Задрав нос, как в былые времена, она последовала за Федерико и остальными на совет с Педро, Хекторо, Хосе и Мисаэлем. Партизаны внимательно выслушали рассказ о том, что происходило в селении после ухода Федерико, а затем поделились своими планами. Договорились, что партизан разместят у себя жители поселка.
– Я вот еще что думаю, – сказал Педро. – Поскольку и вы, и мы воюем с армией, может, есть смысл вместе воевать?
– Когда, по-вашему, солдаты вернутся? – спросила Глория.
– Мы не знаем. Если б можно было вам сообщить, мы бы вместе их атаковали, пока не напали они.
Глория задумалась.
– Вы знаете Аурелио, индейца?
– Знаю, – ответил Педро. – Превосходный охотник. Я его снабжаю инструментами, а он приносит мне снадобья из джунглей.
– А вы сможете его разыскать, не попав в ловушки?
– Ну, конечно, – сказал Педро. – Он мне показал, чтобы торговля не прерывалась.
– Ну вот и отлично, – решила Глория. – Вы сообщите ему, что солдаты вернулись, а он передаст нам.
Наутро донна Констанца оставила оружие в домике Серхио, и Глория связала ей руки. Затем отряд прошел два километра по проселку, что вел к усадьбе дона Хью. Глория осмотрела дом в бинокль и сказала:
– Нам повезло. Он здесь.
Она послала Федерико с Томасом проверить окрестности, и когда те вернулись, отряд покинул прохладную тень и отважно двинулся по подъездной аллее. Гонзаго вытащил нож и для пущего эффекта приставил его к горлу Констанцы.
Услышав неистовый грохот в дверь, дон Хью отворил, и сердце у него разом скакнуло и упало. Он узрел трех вооруженных до зубов партизан – Гонзаго, Томаса и Глорию, и с ними еще кого-то, связанного и выглядевшего в точности, как жена в молодости. Вглядевшись, дон Хью понял, что перед ним и впрямь его жена.
– Констанца, это ты? – спросил он.
– Привет, Хью, – ответила та, неподдельно ему обрадовавшись, словно кузену, которого очень давно не видела.
– Не будем терять время, – оборвала их Глория. – Мы – «Народный авангард». Как видите, ваша жена жива и невредима, и мы готовы отпустить ее на прежних условиях. Полмиллиона американских долларов. Если у вас в доме есть оружие, боеприпасы и взрывчатка, мы просим передать их нам.
– У меня ничего такого нет, – ответил дон Хью.
– Не ври, – перебила Констанца, но, осознав свою ошибку, прибавила: – Они все равно обыщут дом. Они так сказали.

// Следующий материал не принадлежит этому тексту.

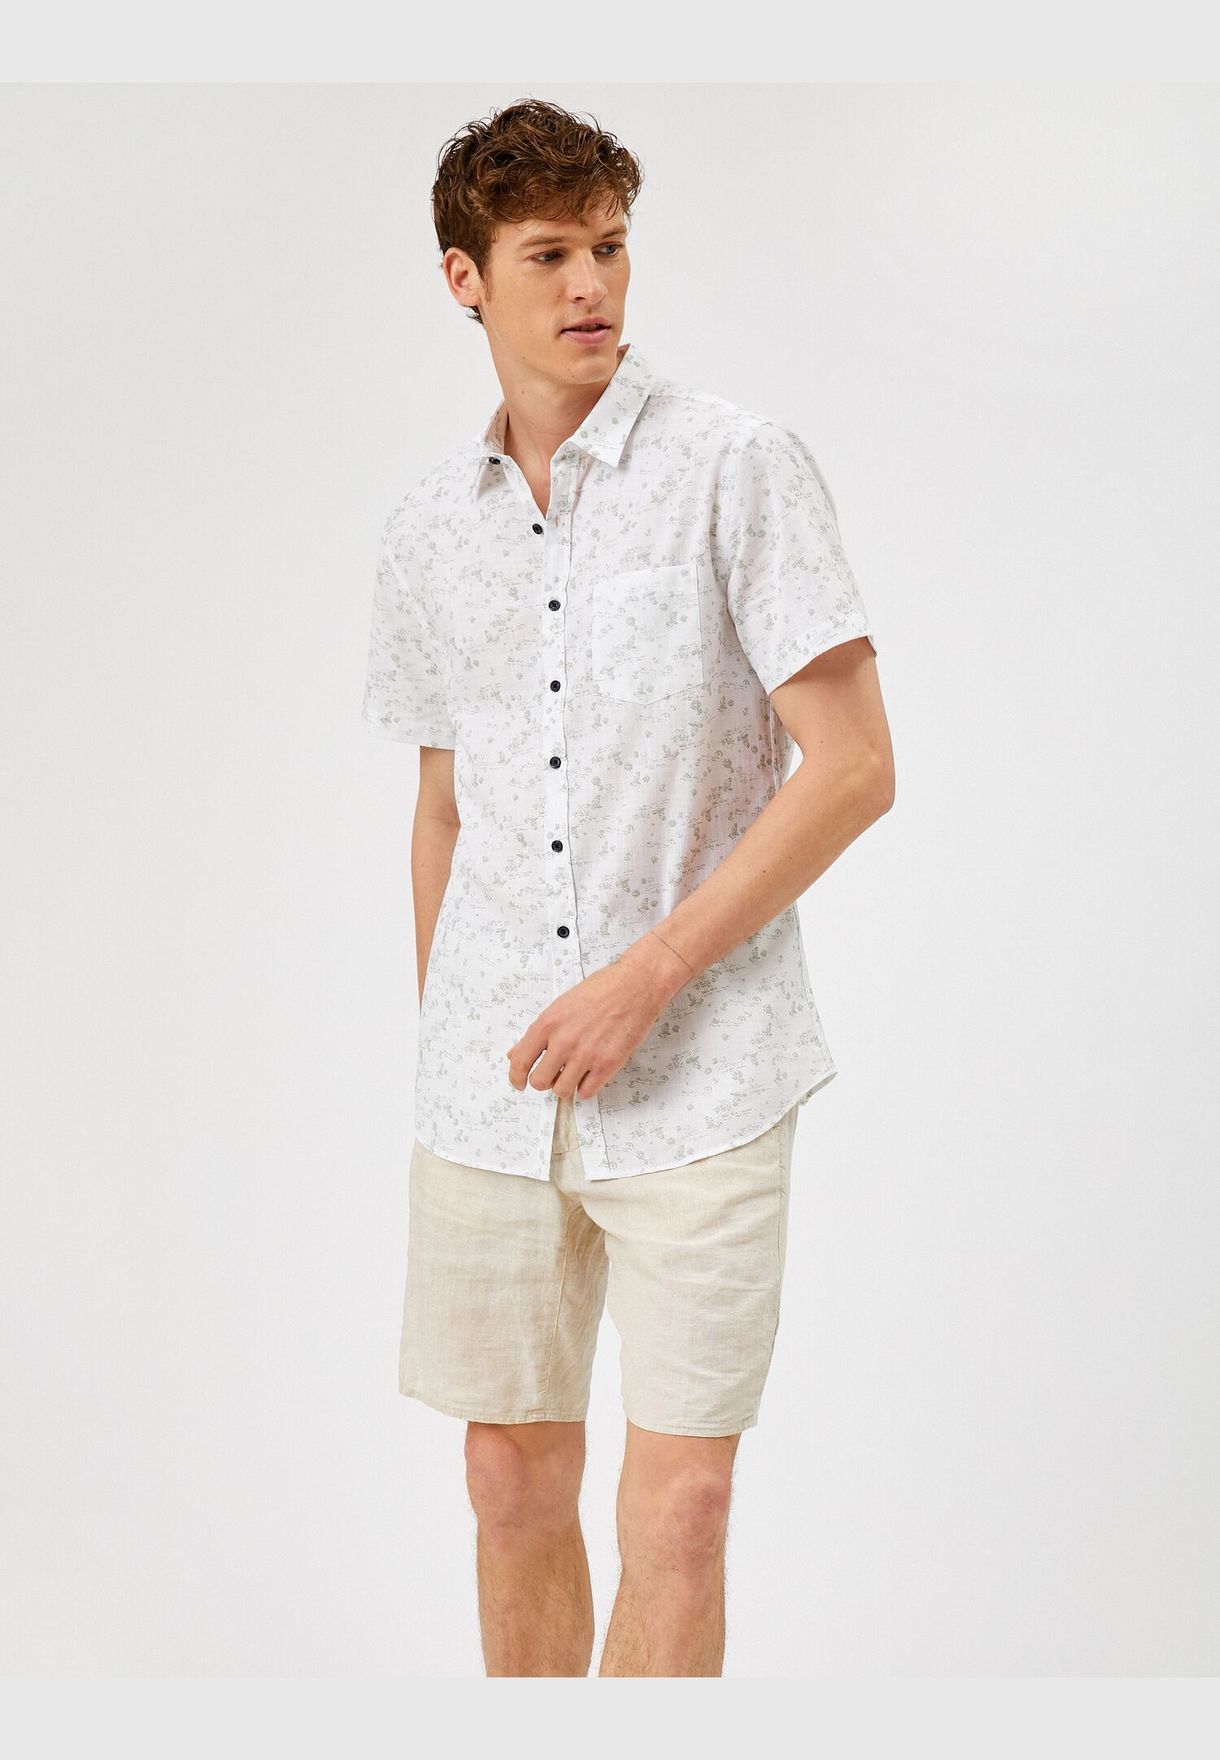 Patterned Shirt Slim Fit Short Sleeve Cotton

– Обыщите дом, – приказала Глория братьям.
Те вернулись с двумя винтовками, автоматическим браунингом и несколькими коробками патронов.
– Дробовик мы вам оставили, цените, – сказал Гонзаго, сияя очаровательной улыбкой. – Можете и дальше палить в голубей.

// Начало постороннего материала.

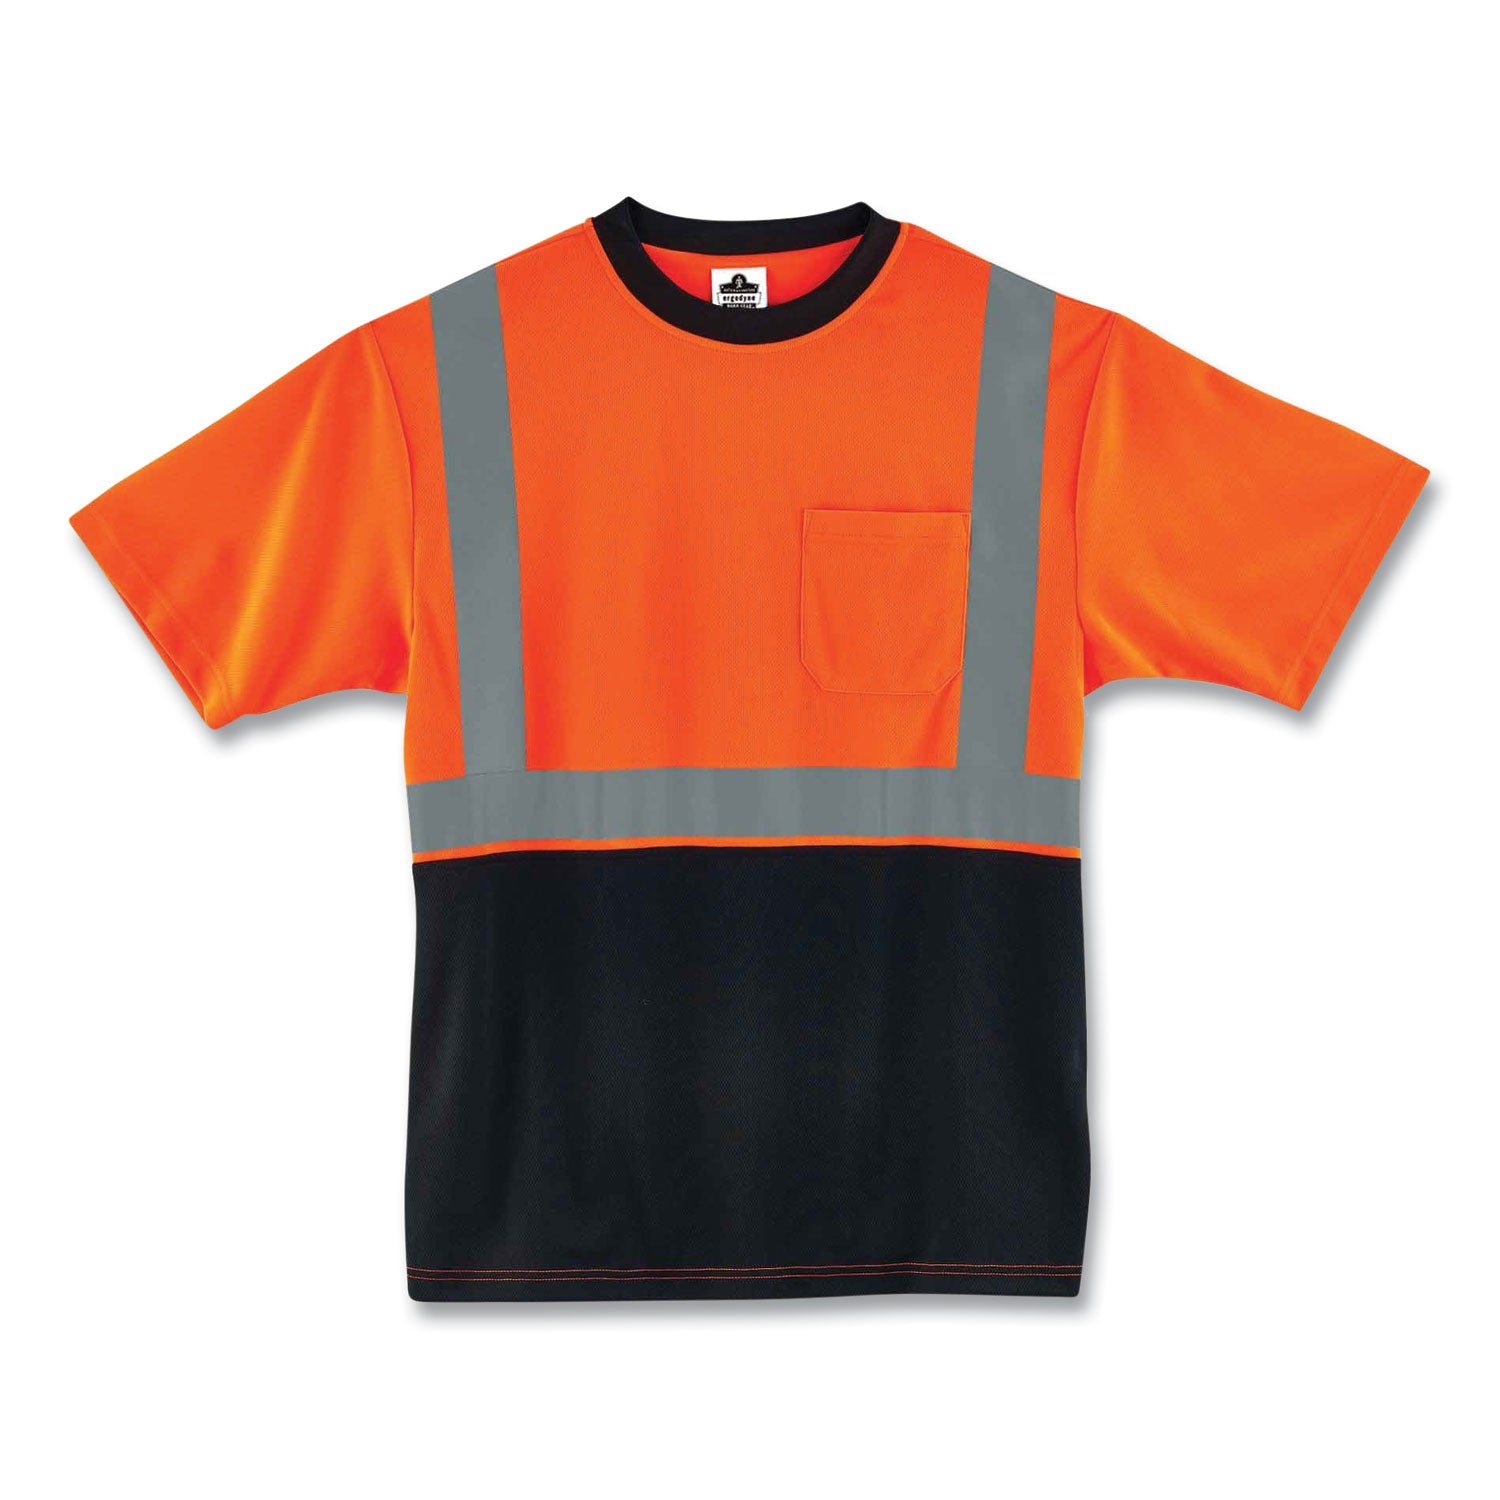 glowear-8289bk-class-2-hi-vis-t-shirt-with-black-bottom-2x-large-orange-ships-in-1-3-business-days_ego22516 - 1

– Давайте деньги! – потребовала Глория.
Дон Хью тяжело вздохнул и покорно отправился в дом. Вскоре он появился со старым коричневым чемоданчиком.
– Отнесите на середину загона и все выгрузите, – приказала Глория. – Потом опять все сложите и принесите сюда.
Дон Хью сделал, как было велено, и Глория убедилась, что мины-ловушки в чемоданчике нет. Дон Хью вернулся, и Глория внимательно осмотрела чемодан, ища устройства слежения. Затем подтолкнула Констанцу к дону Хью, Томас подхватил чемоданчик, и трое партизан, пятясь по аллее, покинули имение.
– Они не сказали, куда направляются? – спросил дон Хью, вынимая из кармана ключи от джипа.